Using the data below, restate exactly every line from the one with "Spaceage Layered Murano" up to and including the one with "top 3 overall retiree-friendly states". No picture belongs in it.
(Available data begins)
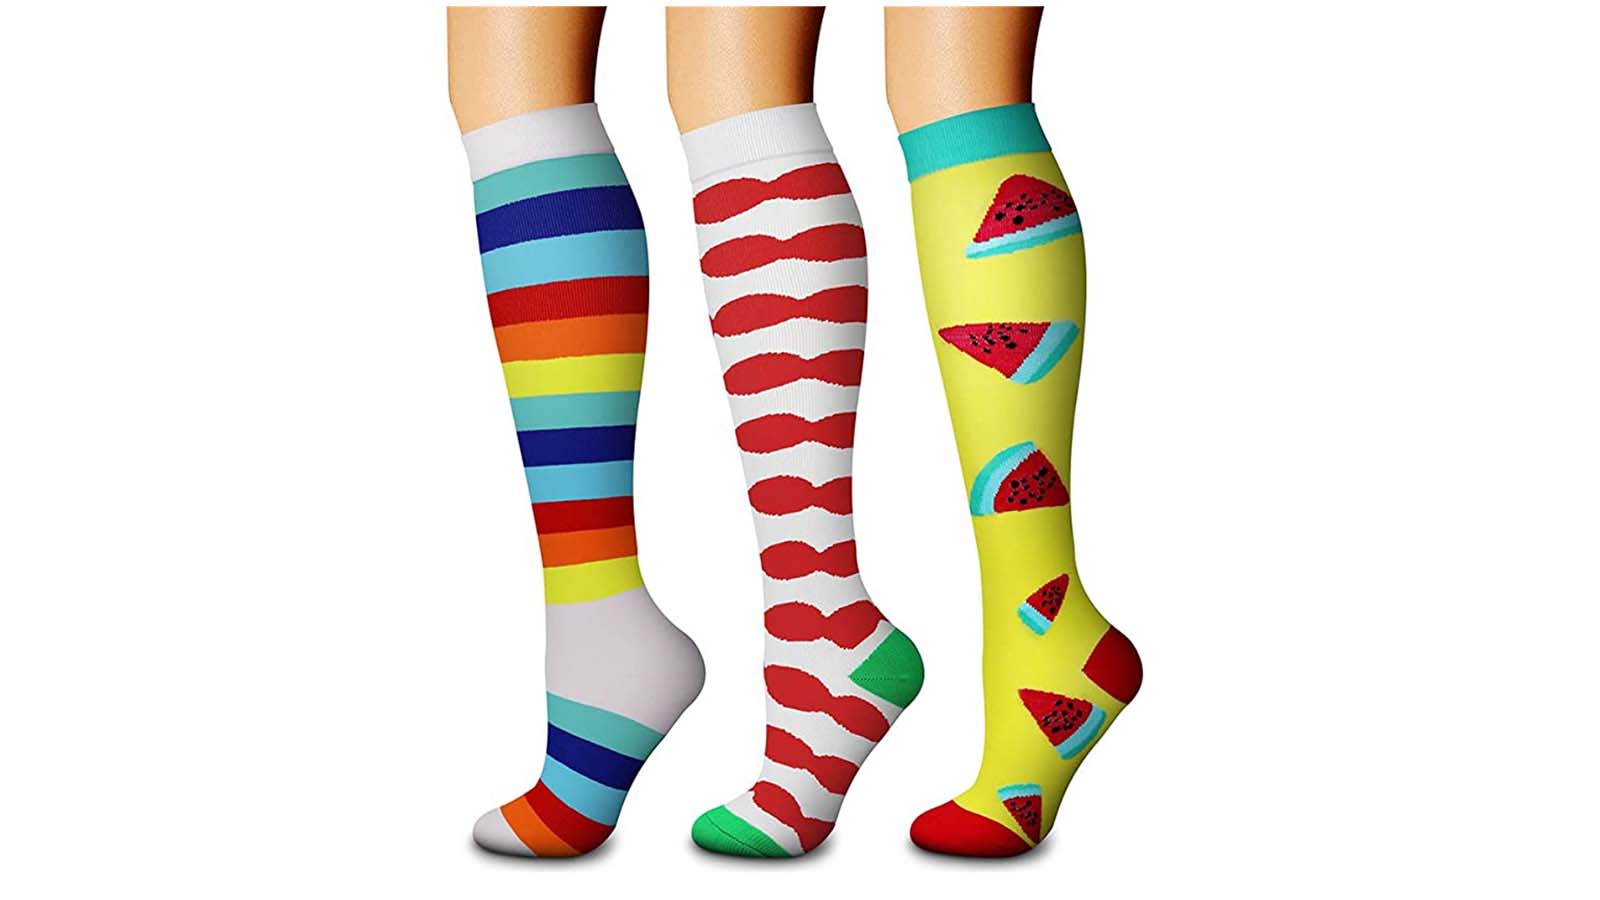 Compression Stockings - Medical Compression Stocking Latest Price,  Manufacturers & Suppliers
(Available data ends)
(Available data begins)
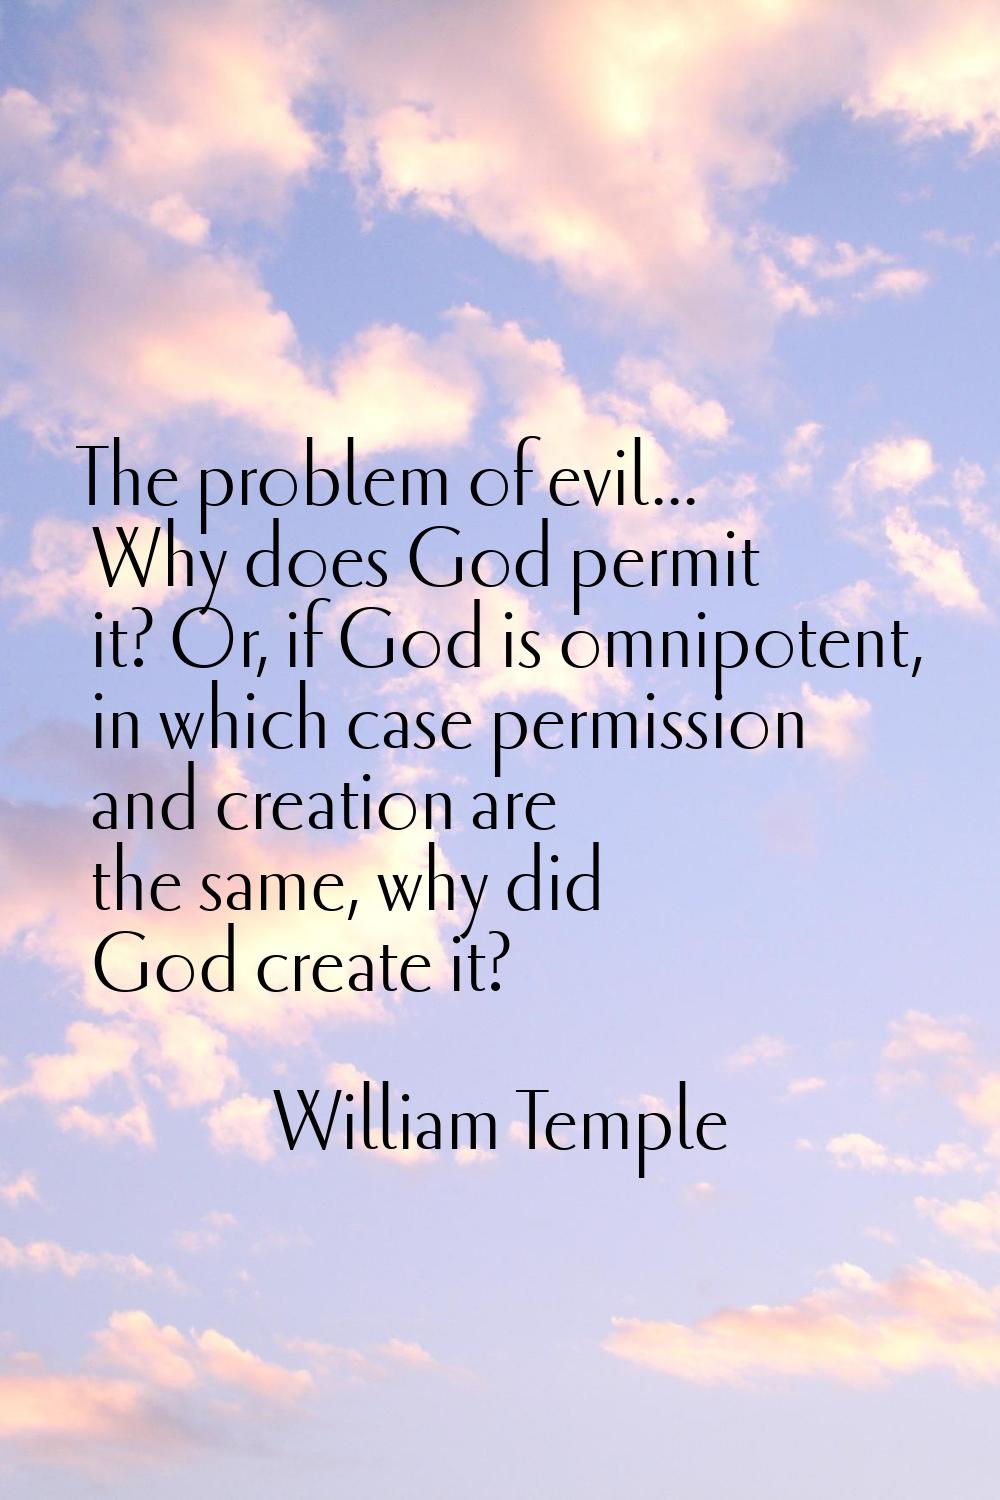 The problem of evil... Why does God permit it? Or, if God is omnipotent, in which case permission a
(Available data ends)
(Available data begins)
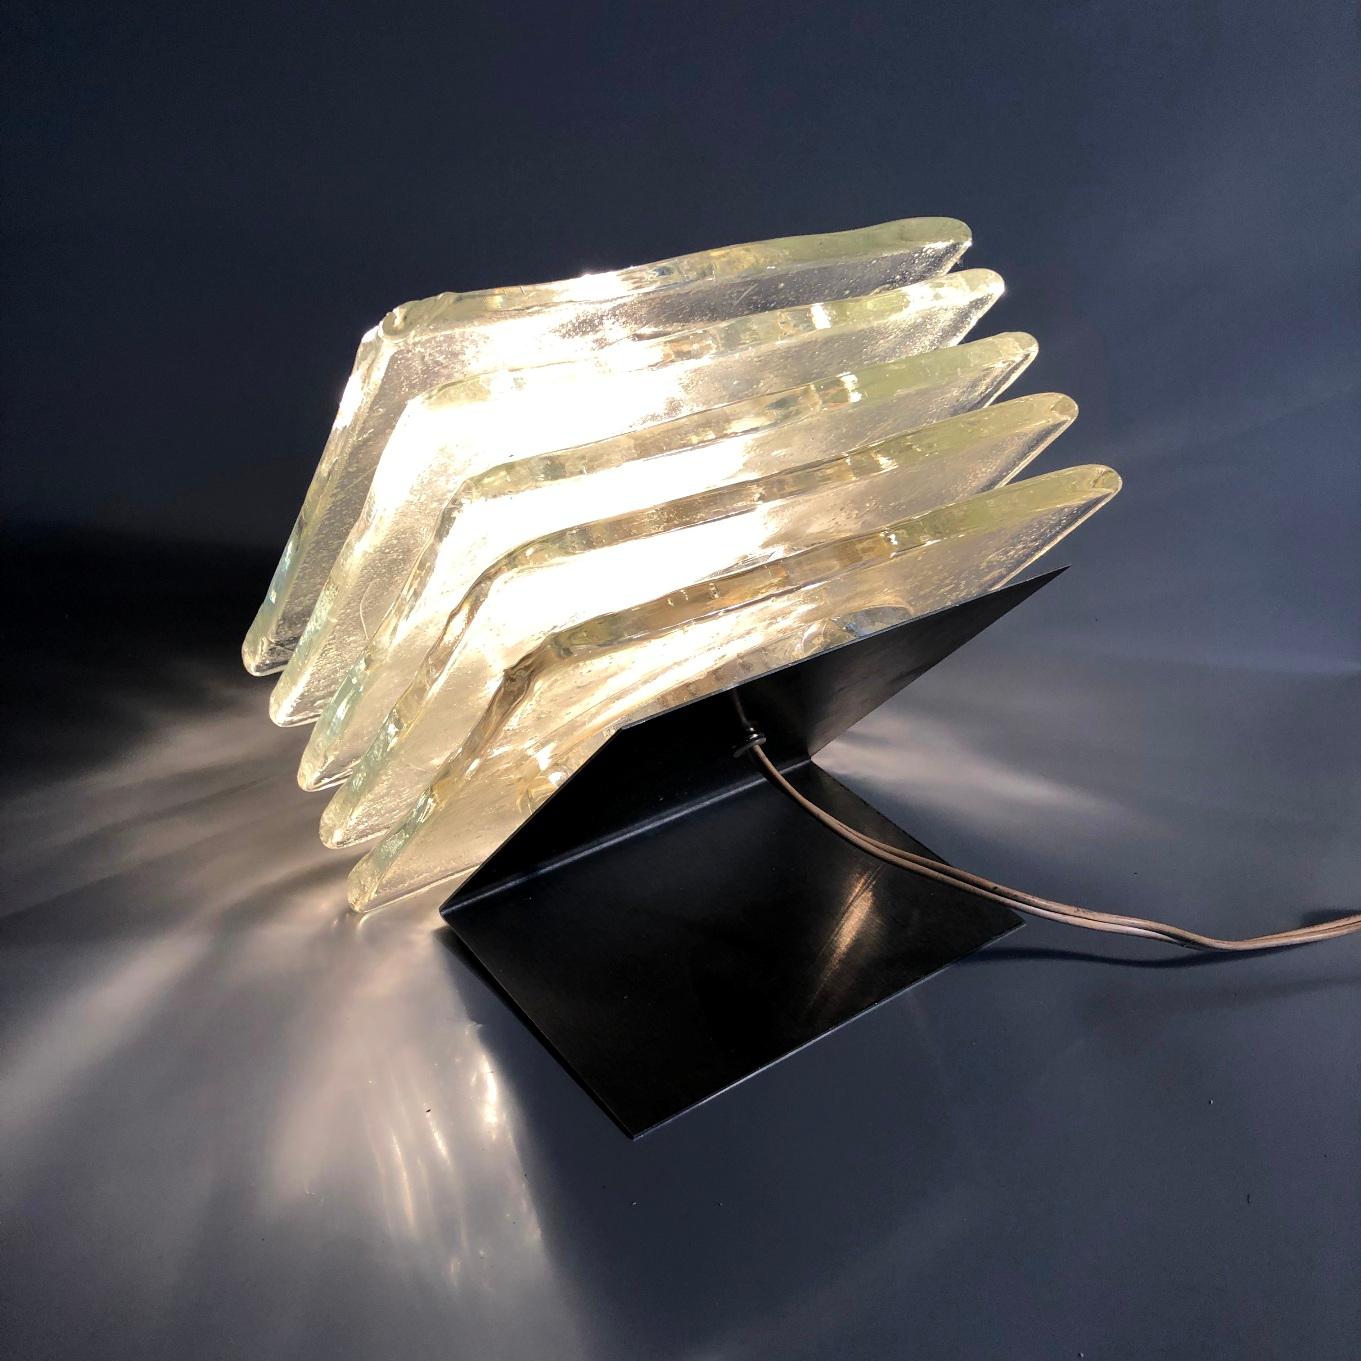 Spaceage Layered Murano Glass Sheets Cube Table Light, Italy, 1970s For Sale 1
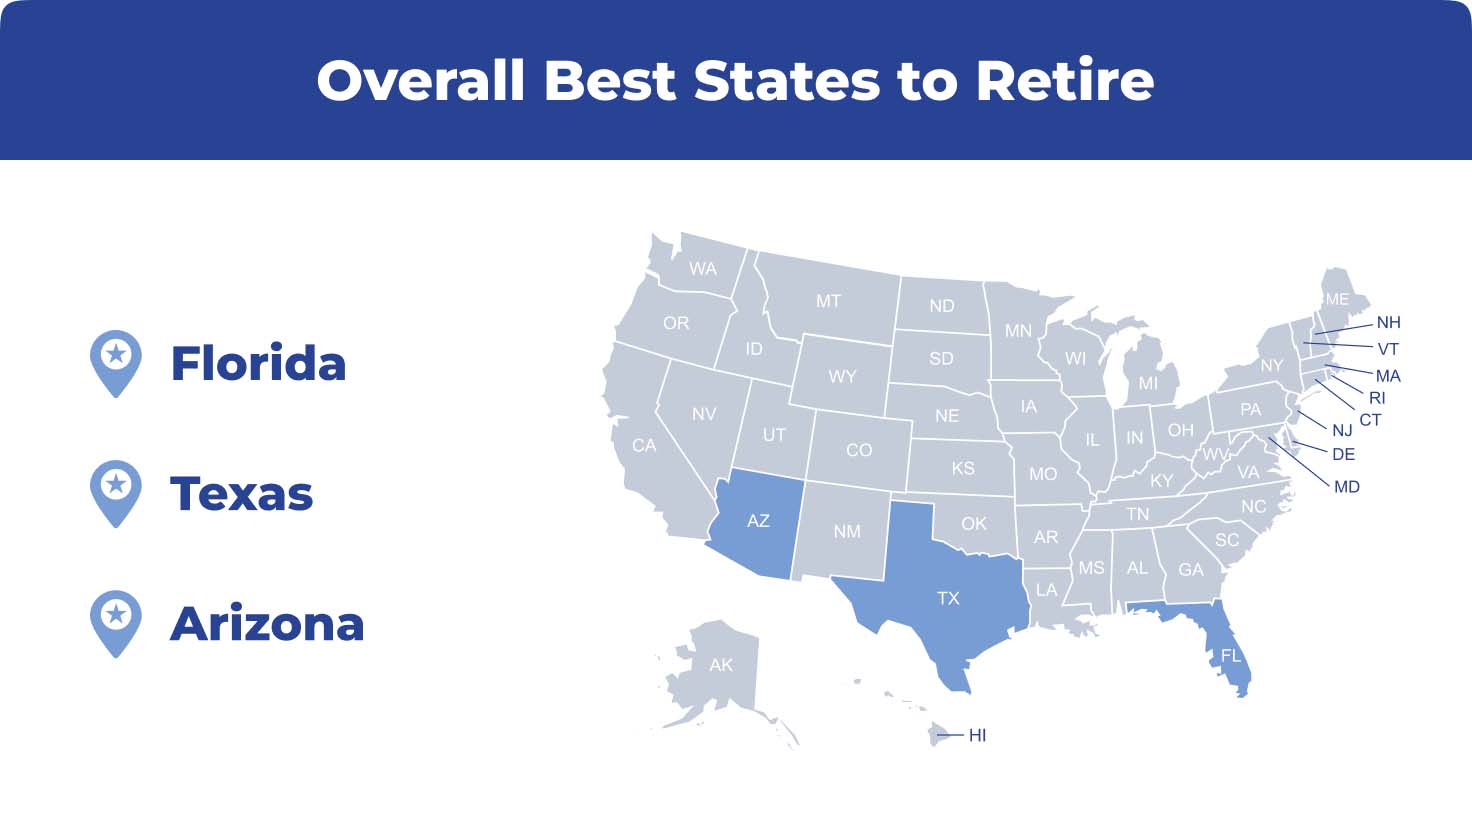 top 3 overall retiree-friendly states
(Available data ends)
## Written solution
 Spaceage Layered Murano Glass Sheets Cube Table Light, Italy, 1970s For Sale 1
 top 3 overall retiree-friendly states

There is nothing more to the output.